— DATA BELOW —

[Start of section]

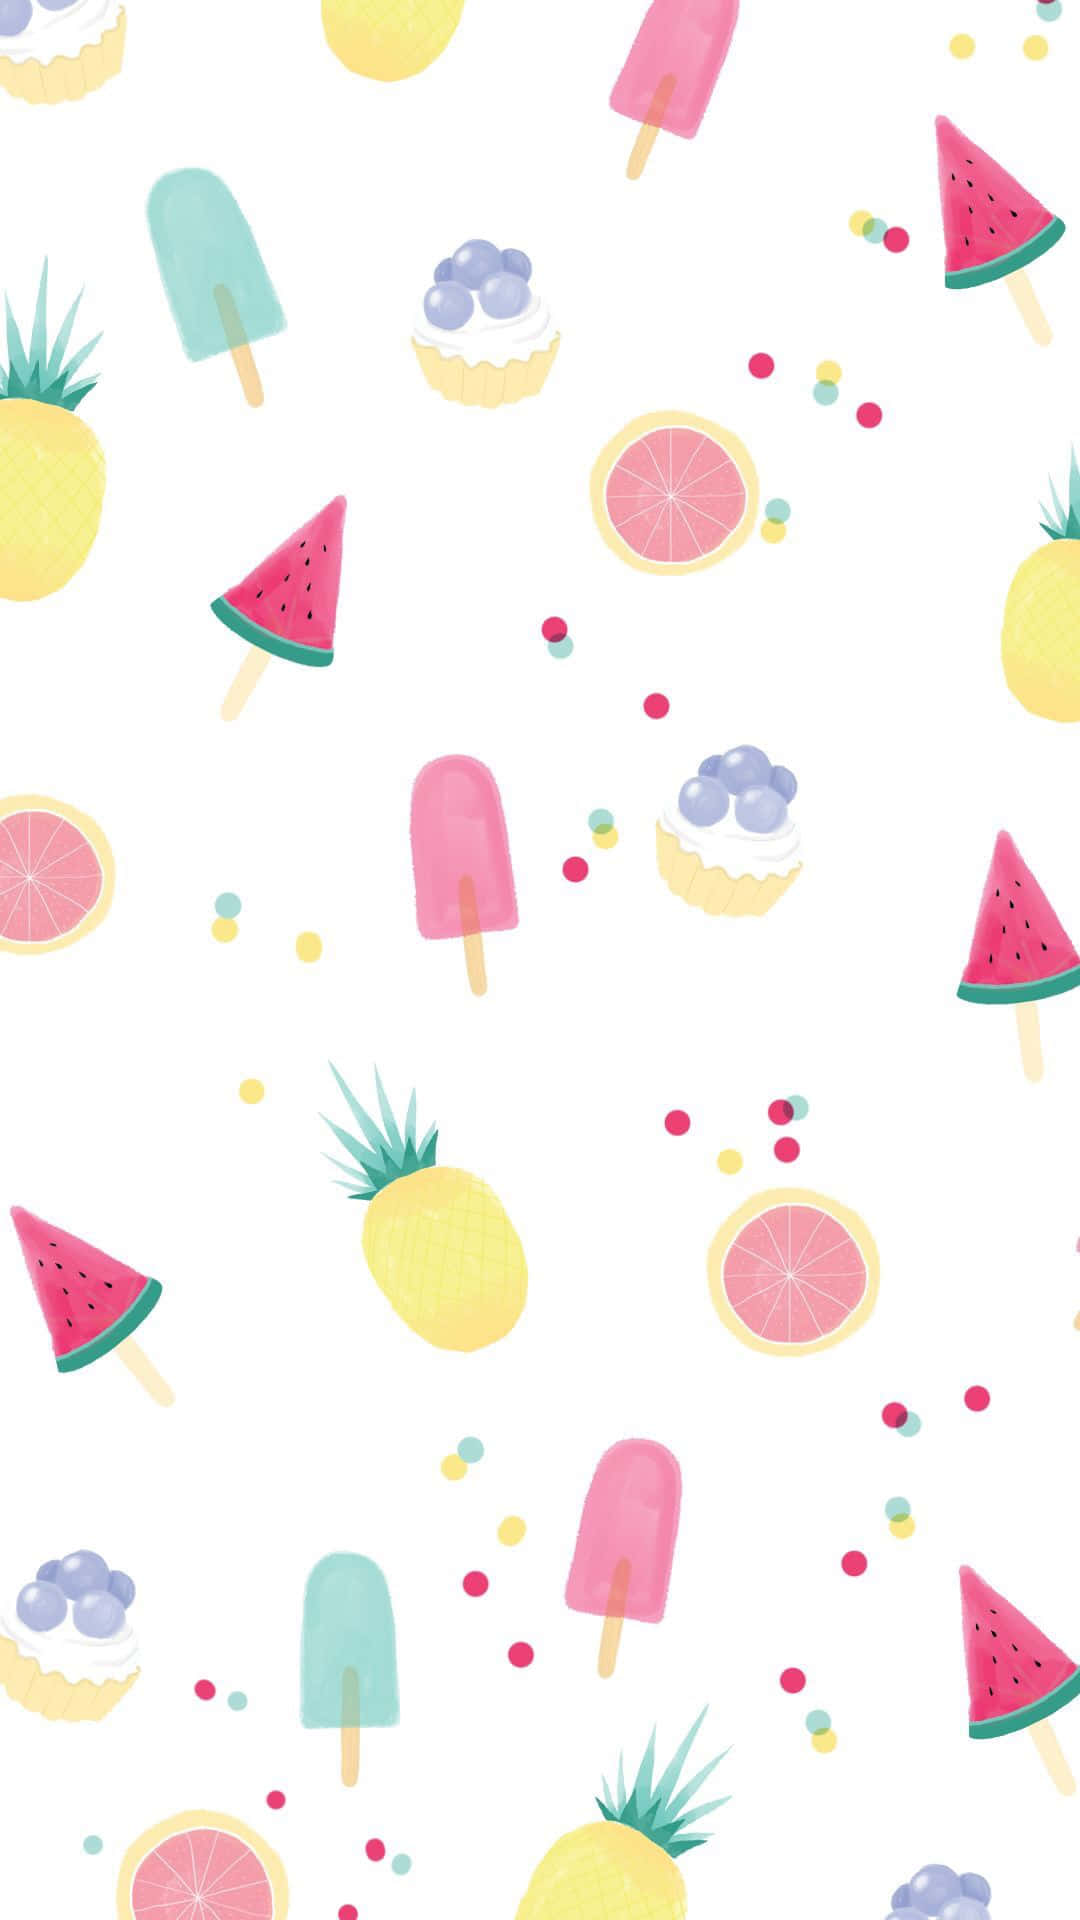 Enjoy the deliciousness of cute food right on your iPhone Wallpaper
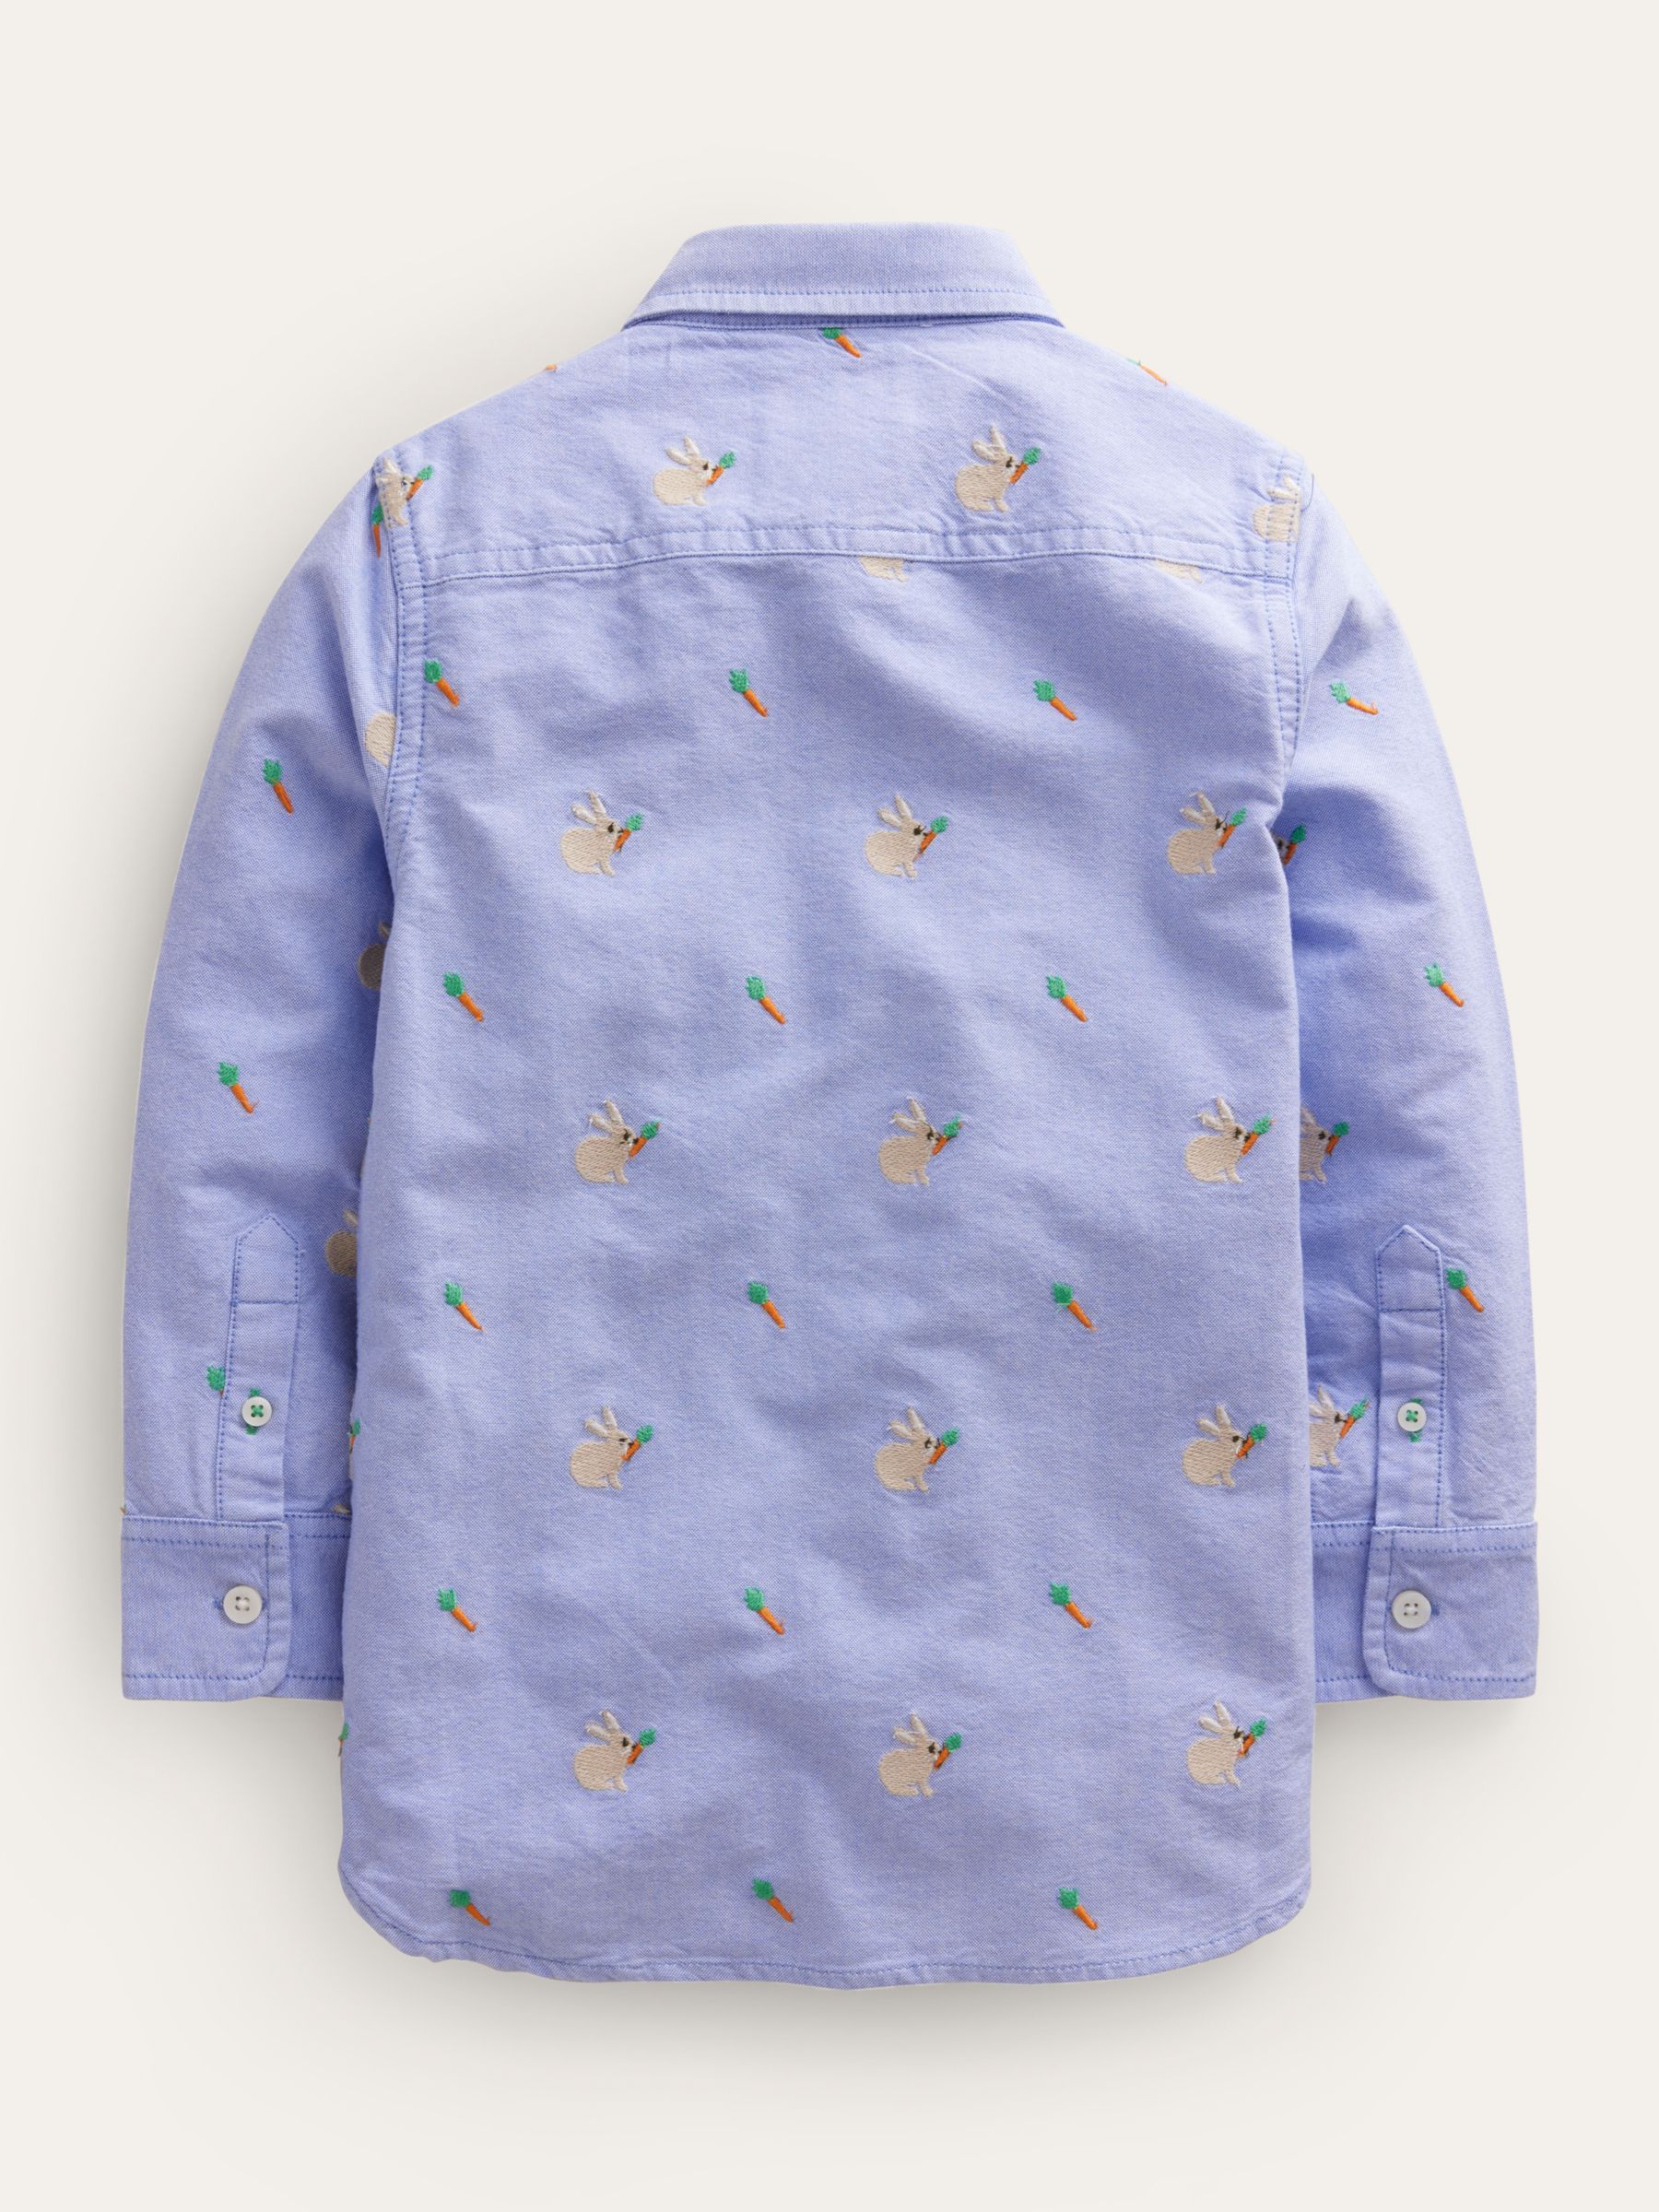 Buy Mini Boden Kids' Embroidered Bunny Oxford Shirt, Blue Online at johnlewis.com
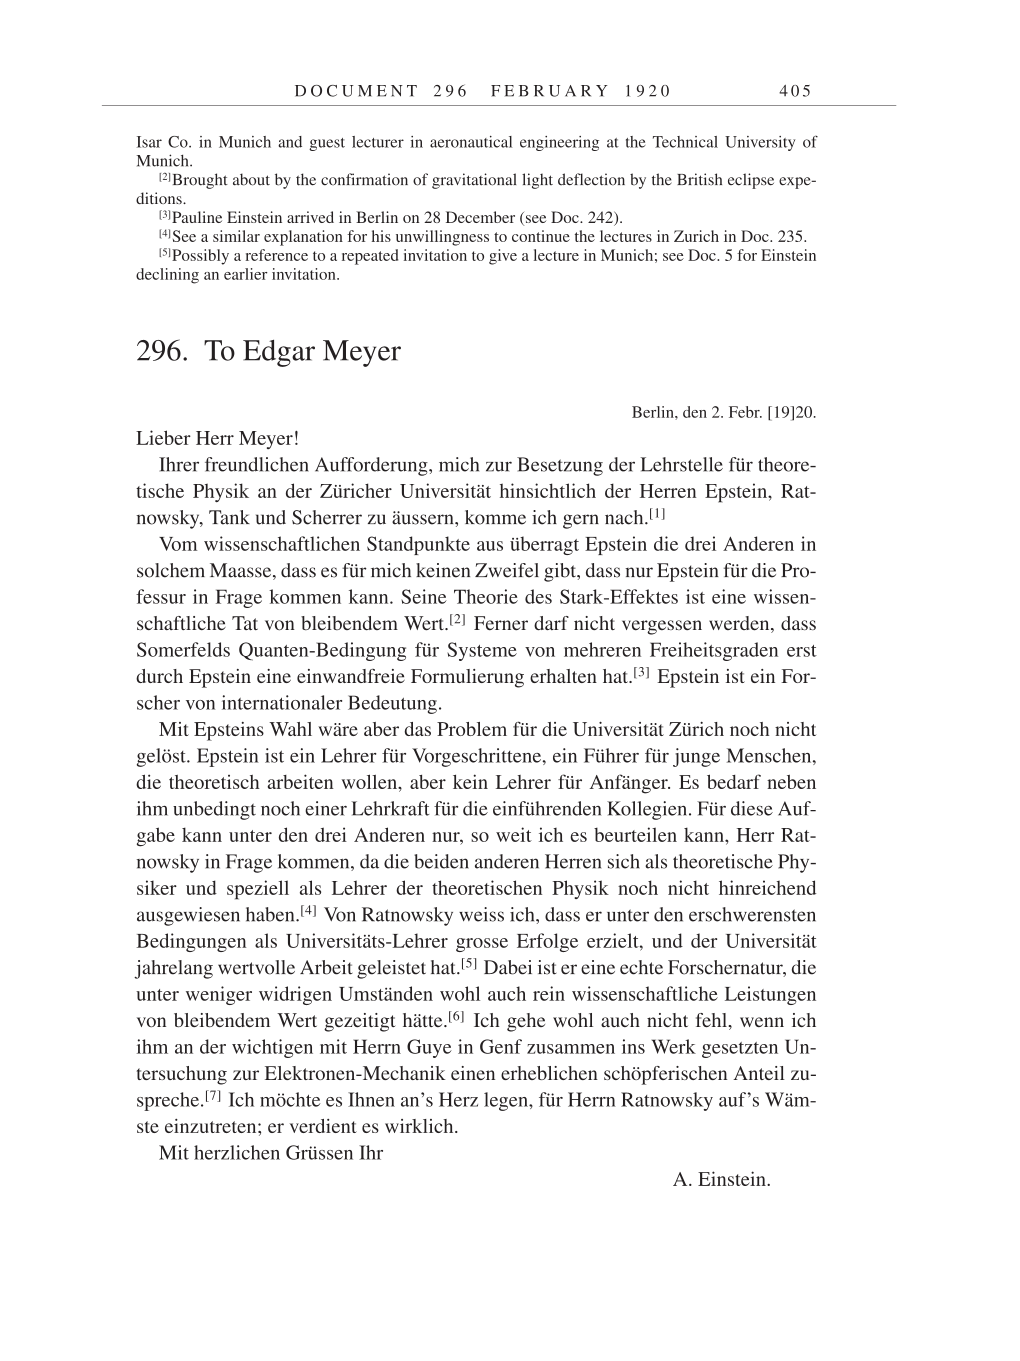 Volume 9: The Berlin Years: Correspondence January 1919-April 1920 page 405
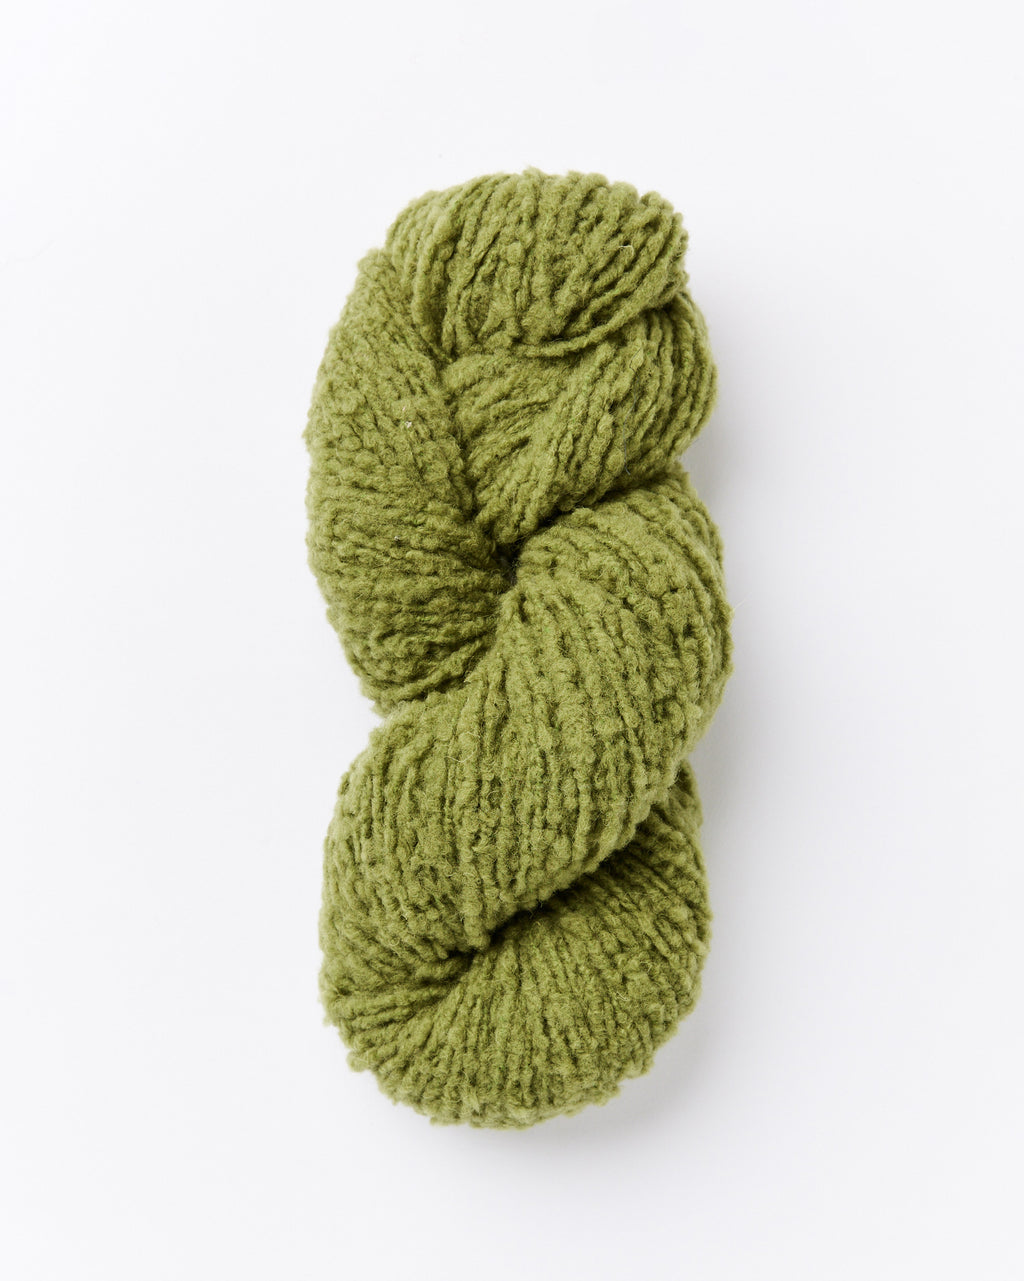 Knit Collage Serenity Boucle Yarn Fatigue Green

[End of section]

— TASK TO CARRY OUT —
Would you please set down the listing above exactly, minus its images?

— FINISHED TASK —
 Enjoy the deliciousness of cute food right on your iPhone Wallpaper
 Buy Mini Boden Kids' Embroidered Bunny Oxford Shirt, Blue Online at johnlewis.com
 Volume 9: The Berlin Years: Correspondence January 1919-April 1920 page 405
 Knit Collage Serenity Boucle Yarn Fatigue Green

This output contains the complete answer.